When considering a parenting plan either to propose to the court as part of a contested hearing or when putting together a stipulated parenting plan, everyone must tackle the sticky issue of holiday parenting time. Most parties agree to “alternating holidays,” but the details of what that means are often much more complex. The following are a list of points to consider when making up a holiday parenting time schedule:
• Start by pulling a copy of the school calendar, even if your children aren’t quite school aged yet. A good parenting plan should last you several years and should account for school attendance. Many school districts are opting for more frequent short breaks rather than what you may have grown up with.
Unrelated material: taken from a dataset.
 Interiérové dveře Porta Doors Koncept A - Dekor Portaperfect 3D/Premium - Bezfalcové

• When deciding who gets what holiday in what year, think in terms of school years, not calendar years. If, for example, you decide that in odd years, Mother should have Spring Break and Father should have Thanksgiving break, understand that this translates into one parent having both breaks for any given school year.
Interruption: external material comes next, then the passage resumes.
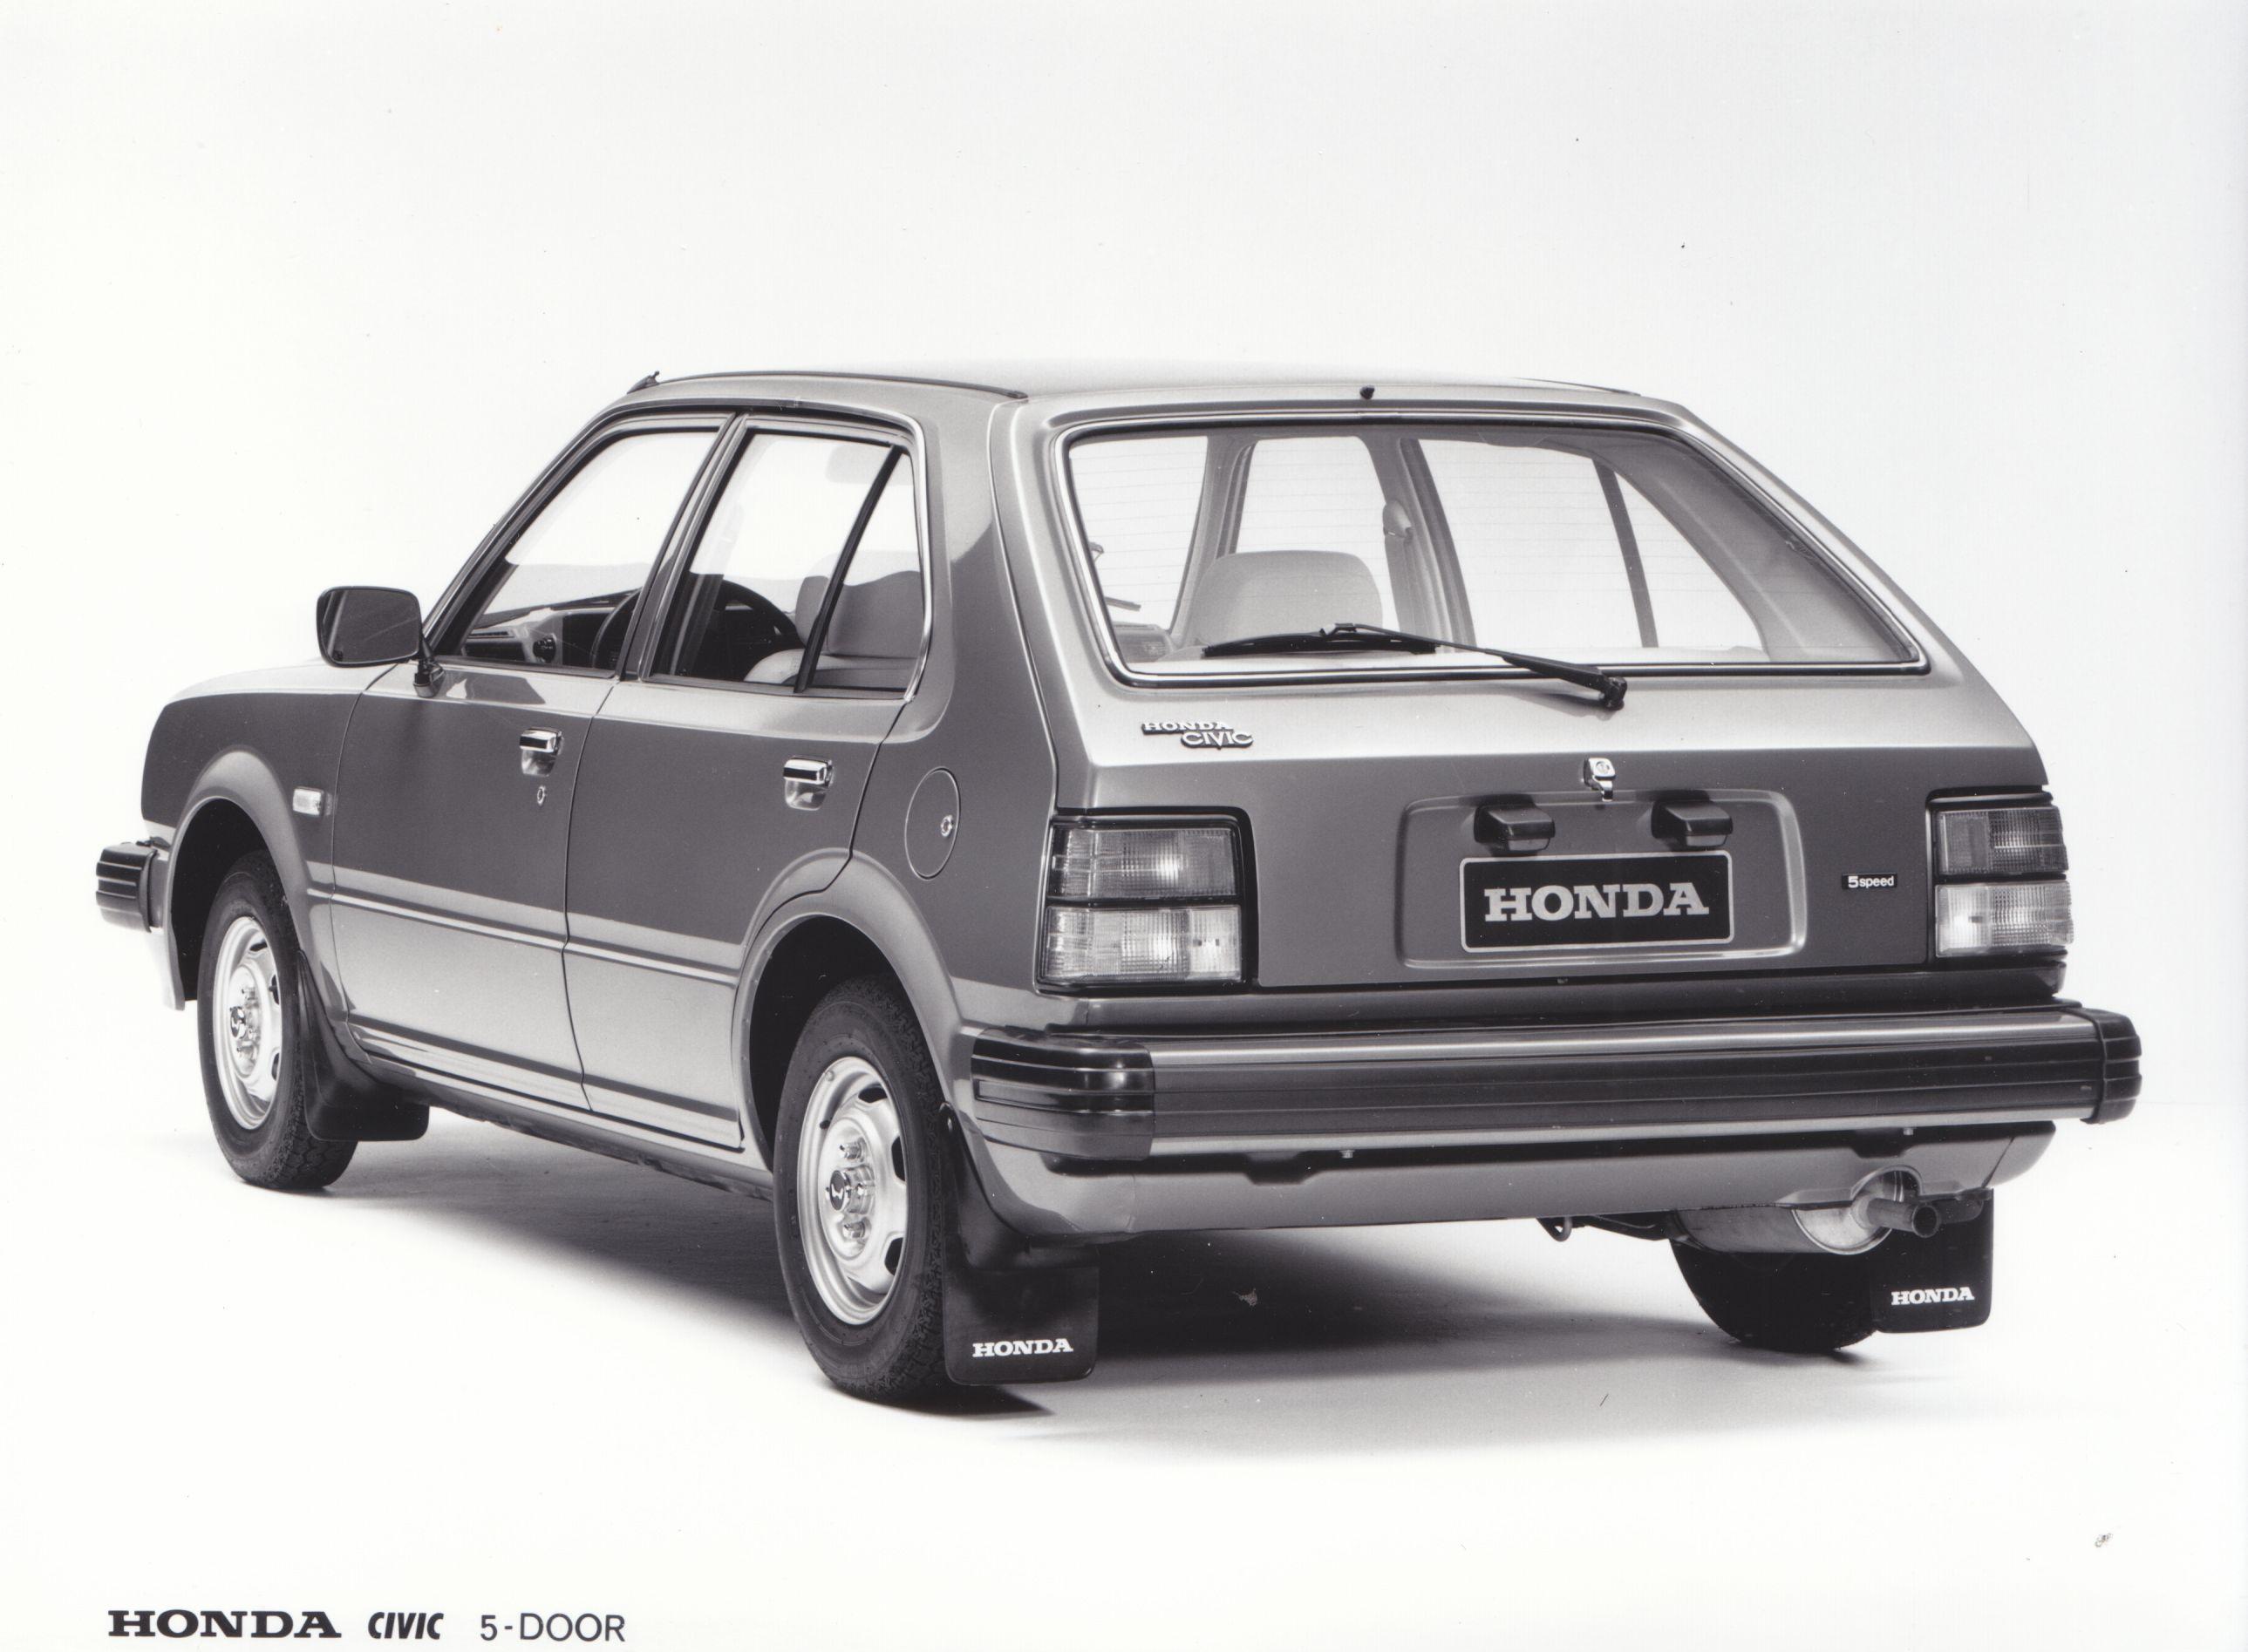 Honda Civic generation II 5-door (Japanese factory issued press photo, 1980)

• If travel is going to be involved, either because you will want to visit relatives or because you have an interstate parenting plan, consider dividing the entire winter break every other year rather than breaking it into two. Colorado is a very desirable place during the holidays which makes airfare extremely expensive. Conversely, New Year’s Day is one of the least expensive days to fly because there is very little demand for travel on that day.
• If you and the other parent are living in very close proximity, consider your holiday traditions. Some families consistently eat their Thanksgiving meal earlier in the day and some much later in the day. If there’s a possibility for splitting a holiday, this may be helpful in making that decision.
• For one day holidays, be specific about start and stop times and consider how you celebrate the holiday. If your tradition is to start the day off with breakfast, perhaps Mother’s day and Father’s day should be defined as 7:00pm on Saturday through 7:00pm on Sunday. If it’s a matter of dividing Fourth of July fireworks or Halloween trick-or-treating, you may want to define the holiday as 8:00am the day of the holiday until 8:00am the day after.